Mothercare, which floated in 1972 and has been a mainstay of British shopping streets, has closed a third of its British stores over the past year through a company voluntary arrangement (CVA).
The company, which has been hit hard by intense competition from supermarket groups and online retailers in its main UK market, said total UK sales were 23.2% lower for the 15 weeks ended July 13, following an extensive store closure programme.
CVAs allow retailers to avoid insolvency by offloading unwanted stores and securing lower rents on others and reach a compromise with creditors. They have been adopted by other British retailers including fashion chain New Look.
Mothercare, whose UK business has been unprofitable for more than a decade, also said it had worked to create the “optimal structure” for its UK retail operations as an independent Mothercare UK franchise.
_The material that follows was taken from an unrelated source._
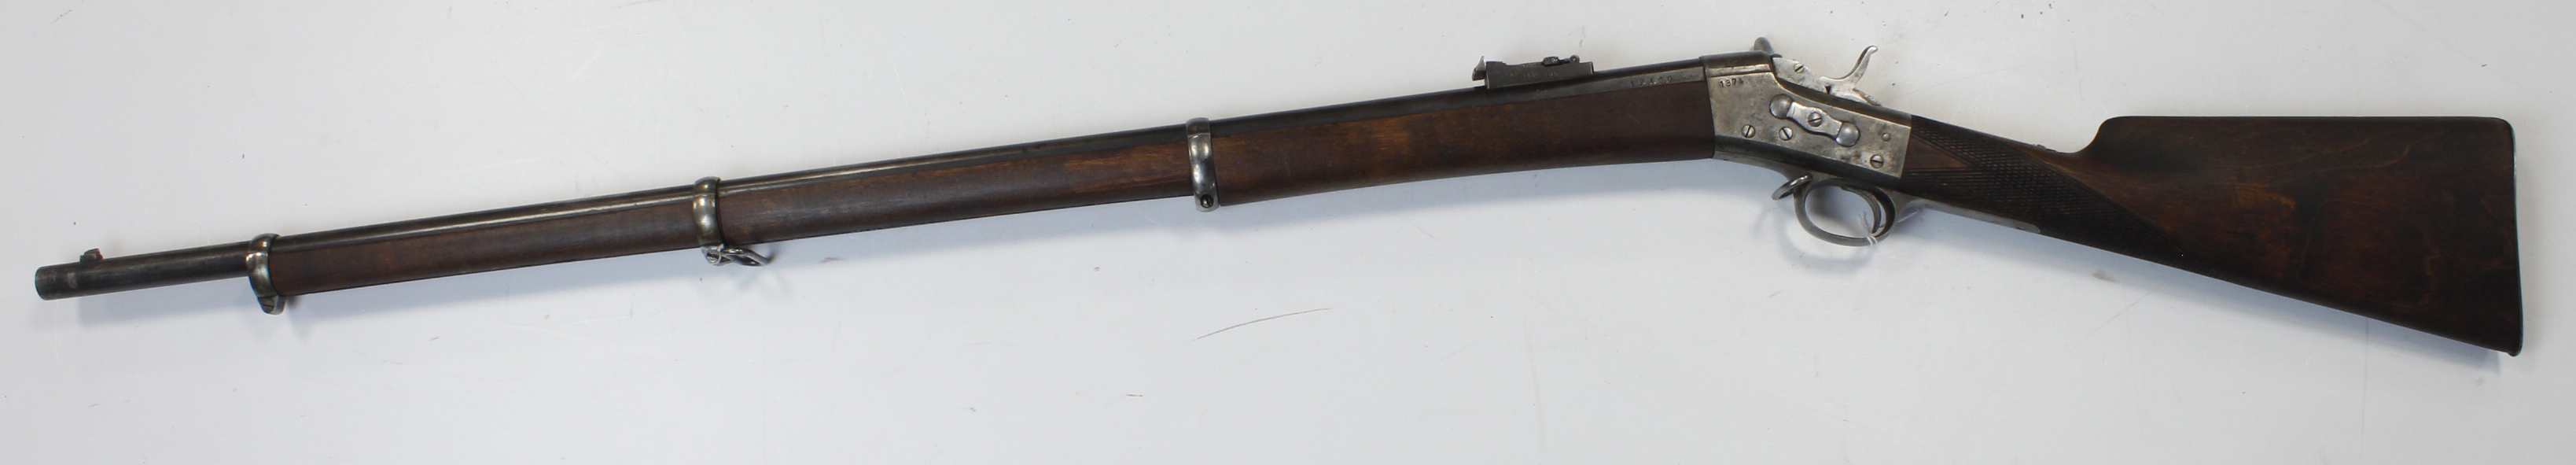 Swedish Conrtract Rolling Block Rifle, missing ram rod, Obsolete Calibre, no licence required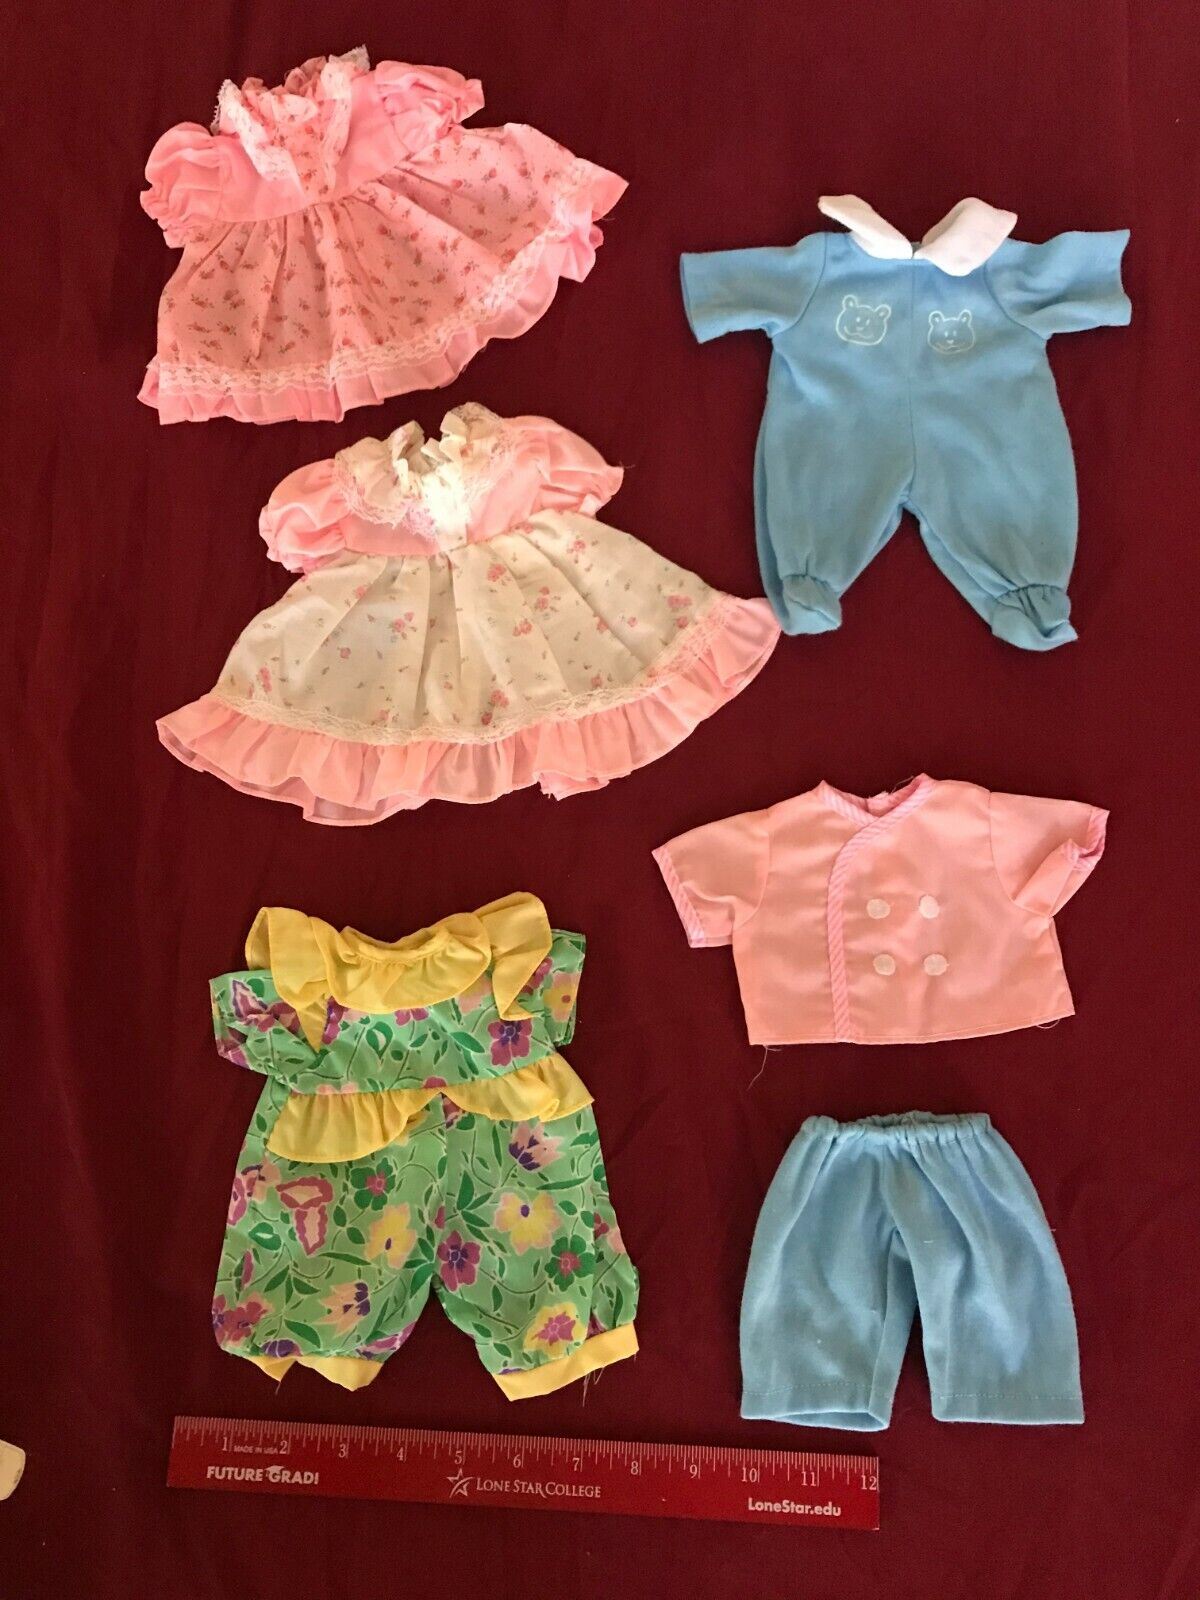 Lots to Love Babies clothing lot of 6: 2 dresses, 2 jumpsuits, 1 pant, & 1 shirt Handmade

“The process of restructuring and rebuilding a sustainable business continues, and we have in place financing plans to support these actions as we aim to be bank-debt free by the end of the year,” Chief Executive Officer Mark Newton-Jones said.
Total group sales for the mother and baby products retailer fell 9.2%, while international sales were down 4.5% on a constant-currency basis, hit by declines in the Middle East.
The company also expects gross margin improvements in the UK to take longer to materialise than previously anticipated, as it spends on promotional activity.
“The UK retail market remains challenging and though the rate of decline in LFL sales has moderated, margin investment in promotional activity has been necessary to stimulate sales, both in our stores and online,” Newton-Jones added.